[Records excerpted from a collection]
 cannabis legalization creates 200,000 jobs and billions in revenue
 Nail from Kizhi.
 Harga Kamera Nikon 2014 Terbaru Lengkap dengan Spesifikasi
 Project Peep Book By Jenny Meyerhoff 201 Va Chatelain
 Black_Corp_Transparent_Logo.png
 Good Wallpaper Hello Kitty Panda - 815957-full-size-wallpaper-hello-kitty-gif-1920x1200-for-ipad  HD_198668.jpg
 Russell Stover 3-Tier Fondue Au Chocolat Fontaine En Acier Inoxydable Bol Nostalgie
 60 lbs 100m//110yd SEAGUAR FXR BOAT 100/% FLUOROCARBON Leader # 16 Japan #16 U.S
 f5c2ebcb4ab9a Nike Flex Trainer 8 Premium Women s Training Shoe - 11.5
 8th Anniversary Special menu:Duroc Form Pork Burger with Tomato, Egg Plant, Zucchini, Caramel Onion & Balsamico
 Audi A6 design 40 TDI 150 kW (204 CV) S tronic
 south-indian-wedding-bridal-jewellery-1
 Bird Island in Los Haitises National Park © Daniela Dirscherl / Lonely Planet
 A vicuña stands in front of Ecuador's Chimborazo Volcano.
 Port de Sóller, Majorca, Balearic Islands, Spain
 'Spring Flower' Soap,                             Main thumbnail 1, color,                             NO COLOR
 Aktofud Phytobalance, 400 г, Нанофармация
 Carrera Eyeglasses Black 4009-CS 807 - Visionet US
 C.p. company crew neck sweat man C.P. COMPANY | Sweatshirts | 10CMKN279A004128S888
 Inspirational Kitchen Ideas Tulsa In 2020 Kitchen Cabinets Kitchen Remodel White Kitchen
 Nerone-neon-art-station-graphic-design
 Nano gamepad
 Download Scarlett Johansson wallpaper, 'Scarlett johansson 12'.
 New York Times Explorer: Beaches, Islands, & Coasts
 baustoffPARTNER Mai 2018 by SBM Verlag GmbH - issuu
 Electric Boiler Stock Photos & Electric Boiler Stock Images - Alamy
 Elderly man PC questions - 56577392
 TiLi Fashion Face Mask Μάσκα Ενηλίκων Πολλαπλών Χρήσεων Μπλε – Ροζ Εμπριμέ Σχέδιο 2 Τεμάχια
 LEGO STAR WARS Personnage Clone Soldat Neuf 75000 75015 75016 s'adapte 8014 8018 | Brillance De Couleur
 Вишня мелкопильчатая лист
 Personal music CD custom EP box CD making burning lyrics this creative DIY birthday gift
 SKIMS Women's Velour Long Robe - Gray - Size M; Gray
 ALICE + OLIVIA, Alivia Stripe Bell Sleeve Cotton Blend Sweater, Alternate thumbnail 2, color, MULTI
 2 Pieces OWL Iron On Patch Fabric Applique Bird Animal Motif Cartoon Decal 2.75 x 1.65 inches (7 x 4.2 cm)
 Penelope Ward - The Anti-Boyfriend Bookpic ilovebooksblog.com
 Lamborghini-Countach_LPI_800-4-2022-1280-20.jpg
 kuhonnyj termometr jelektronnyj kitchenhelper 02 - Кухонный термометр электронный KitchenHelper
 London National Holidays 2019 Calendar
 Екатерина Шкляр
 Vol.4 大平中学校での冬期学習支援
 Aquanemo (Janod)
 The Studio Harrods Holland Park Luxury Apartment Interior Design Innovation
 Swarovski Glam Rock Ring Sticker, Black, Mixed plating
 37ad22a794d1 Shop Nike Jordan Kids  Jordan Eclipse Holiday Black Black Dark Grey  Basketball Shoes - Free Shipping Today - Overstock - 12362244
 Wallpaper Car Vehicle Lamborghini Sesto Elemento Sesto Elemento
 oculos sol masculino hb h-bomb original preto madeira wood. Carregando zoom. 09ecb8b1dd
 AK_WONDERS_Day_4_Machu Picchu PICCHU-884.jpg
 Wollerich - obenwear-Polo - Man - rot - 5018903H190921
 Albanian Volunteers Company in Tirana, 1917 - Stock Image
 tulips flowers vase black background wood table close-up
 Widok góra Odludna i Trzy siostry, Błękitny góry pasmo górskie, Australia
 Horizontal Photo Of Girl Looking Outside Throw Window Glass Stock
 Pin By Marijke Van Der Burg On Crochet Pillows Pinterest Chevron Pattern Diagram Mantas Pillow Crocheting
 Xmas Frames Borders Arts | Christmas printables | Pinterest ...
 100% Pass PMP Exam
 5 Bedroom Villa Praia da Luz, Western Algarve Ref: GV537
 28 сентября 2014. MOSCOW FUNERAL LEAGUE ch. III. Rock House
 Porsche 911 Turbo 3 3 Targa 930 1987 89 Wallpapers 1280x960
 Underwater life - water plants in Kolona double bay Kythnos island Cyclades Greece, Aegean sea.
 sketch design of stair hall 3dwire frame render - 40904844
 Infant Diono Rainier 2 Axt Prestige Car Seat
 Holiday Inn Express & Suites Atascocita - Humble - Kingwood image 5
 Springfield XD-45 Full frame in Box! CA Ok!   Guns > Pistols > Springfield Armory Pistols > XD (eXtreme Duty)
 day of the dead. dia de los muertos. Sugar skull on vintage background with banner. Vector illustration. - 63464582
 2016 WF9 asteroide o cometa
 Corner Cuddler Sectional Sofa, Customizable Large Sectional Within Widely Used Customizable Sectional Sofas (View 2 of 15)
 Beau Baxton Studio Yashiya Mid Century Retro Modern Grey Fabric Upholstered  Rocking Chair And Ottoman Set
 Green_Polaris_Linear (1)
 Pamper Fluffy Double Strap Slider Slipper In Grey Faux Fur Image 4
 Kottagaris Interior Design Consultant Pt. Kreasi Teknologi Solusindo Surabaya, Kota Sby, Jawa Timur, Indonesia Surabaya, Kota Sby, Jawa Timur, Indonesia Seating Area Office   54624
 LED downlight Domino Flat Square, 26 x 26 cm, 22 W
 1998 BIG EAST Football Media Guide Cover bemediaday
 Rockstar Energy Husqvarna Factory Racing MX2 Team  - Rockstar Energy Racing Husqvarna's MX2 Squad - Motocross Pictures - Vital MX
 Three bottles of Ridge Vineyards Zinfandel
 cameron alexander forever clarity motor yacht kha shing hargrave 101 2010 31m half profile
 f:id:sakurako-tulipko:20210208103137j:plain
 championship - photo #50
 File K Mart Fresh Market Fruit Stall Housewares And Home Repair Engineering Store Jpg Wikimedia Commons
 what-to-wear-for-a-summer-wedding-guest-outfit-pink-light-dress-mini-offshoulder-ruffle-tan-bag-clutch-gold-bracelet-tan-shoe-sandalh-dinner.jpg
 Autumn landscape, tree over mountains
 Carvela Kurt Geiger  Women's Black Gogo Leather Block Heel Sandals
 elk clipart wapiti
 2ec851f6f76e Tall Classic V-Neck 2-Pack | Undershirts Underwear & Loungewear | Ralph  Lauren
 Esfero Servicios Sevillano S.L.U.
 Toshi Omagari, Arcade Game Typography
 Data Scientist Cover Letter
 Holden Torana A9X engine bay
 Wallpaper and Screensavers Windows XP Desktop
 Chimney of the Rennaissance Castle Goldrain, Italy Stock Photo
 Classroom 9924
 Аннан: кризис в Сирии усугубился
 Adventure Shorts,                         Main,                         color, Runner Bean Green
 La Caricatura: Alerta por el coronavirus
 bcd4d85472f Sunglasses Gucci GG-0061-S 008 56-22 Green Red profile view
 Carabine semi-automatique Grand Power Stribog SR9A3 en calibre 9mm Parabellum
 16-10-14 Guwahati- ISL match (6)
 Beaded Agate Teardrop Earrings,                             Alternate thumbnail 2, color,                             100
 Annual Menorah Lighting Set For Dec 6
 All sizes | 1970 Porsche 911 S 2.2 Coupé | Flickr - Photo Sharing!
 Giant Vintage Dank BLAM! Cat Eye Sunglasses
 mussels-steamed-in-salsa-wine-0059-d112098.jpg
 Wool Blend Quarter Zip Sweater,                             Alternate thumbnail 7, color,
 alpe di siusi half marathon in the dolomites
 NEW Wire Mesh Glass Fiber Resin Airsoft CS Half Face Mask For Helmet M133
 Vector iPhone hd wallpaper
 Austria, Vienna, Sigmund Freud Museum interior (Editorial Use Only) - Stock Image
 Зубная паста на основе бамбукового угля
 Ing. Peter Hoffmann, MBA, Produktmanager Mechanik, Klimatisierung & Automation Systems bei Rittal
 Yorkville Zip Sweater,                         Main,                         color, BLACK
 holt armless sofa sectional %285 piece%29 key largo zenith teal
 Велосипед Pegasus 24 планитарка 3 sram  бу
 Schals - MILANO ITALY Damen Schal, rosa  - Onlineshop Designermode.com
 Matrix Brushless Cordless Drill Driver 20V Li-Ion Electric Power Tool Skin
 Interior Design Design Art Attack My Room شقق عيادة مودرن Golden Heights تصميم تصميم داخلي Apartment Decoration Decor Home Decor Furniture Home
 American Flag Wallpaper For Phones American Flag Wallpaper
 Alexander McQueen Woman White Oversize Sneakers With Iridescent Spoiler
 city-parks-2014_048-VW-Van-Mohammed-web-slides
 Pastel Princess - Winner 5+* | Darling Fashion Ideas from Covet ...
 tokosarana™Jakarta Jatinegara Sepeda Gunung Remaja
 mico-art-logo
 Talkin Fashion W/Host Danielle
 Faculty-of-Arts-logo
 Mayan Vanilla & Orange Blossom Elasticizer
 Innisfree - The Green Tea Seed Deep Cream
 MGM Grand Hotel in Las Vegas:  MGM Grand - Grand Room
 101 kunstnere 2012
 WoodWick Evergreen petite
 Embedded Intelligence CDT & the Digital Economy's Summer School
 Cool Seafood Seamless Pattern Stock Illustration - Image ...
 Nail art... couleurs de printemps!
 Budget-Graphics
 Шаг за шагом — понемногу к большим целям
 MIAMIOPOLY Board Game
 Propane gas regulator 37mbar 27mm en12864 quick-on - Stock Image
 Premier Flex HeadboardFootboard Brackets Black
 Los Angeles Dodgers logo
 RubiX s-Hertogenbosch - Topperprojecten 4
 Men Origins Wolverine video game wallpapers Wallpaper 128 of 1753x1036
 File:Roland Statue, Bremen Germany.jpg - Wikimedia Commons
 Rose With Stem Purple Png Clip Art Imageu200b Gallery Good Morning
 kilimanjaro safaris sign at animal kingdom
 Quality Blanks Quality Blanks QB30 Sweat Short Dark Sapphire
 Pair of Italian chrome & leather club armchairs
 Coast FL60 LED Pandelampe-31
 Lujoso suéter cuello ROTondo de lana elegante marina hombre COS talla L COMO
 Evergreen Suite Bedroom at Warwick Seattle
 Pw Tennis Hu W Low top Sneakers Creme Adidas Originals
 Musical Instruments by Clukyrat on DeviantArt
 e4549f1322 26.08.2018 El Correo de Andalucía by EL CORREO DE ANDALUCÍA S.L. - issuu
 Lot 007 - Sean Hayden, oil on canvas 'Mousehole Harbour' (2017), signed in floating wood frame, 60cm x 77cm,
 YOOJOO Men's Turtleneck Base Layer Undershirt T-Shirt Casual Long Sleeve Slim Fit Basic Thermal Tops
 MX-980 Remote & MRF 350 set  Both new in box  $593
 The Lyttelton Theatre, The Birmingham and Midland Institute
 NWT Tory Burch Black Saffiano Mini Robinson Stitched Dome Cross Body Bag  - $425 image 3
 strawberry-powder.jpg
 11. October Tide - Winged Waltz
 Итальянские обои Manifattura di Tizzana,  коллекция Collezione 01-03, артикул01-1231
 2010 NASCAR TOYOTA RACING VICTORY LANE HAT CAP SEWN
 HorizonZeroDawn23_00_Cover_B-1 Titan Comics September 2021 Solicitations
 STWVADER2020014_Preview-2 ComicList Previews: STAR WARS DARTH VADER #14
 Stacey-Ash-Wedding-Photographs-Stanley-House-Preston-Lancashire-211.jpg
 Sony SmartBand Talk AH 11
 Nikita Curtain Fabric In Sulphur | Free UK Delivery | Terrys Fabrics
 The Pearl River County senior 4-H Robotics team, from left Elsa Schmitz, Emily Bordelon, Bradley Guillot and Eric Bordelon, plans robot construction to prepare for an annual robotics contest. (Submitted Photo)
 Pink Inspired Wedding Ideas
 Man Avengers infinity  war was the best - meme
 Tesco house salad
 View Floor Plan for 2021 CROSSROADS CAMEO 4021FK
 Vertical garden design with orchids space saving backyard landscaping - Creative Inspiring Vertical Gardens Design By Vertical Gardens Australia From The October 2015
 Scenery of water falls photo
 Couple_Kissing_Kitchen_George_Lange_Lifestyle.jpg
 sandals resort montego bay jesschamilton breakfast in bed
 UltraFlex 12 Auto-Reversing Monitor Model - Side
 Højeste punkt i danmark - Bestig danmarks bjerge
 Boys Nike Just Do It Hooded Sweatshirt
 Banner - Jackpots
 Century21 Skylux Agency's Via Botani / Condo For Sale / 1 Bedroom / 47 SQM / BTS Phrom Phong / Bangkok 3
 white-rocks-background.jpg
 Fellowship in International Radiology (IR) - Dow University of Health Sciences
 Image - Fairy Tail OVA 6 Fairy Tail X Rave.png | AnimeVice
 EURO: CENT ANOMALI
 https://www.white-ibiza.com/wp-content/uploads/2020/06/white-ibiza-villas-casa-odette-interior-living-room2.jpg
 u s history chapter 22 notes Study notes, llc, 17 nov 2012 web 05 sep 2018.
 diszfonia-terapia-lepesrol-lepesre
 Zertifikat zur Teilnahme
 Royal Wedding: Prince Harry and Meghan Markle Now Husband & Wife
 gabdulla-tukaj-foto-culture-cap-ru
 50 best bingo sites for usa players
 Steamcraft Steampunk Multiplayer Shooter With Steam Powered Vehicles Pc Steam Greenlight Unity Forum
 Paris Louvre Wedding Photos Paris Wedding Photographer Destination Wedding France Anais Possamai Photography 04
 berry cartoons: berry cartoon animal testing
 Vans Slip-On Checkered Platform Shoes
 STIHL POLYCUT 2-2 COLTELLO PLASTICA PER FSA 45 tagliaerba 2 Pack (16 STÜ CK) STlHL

**Task brief**
A single number is the answer: how many lines of the entries above contain "Bedroom"?

**Task output**
3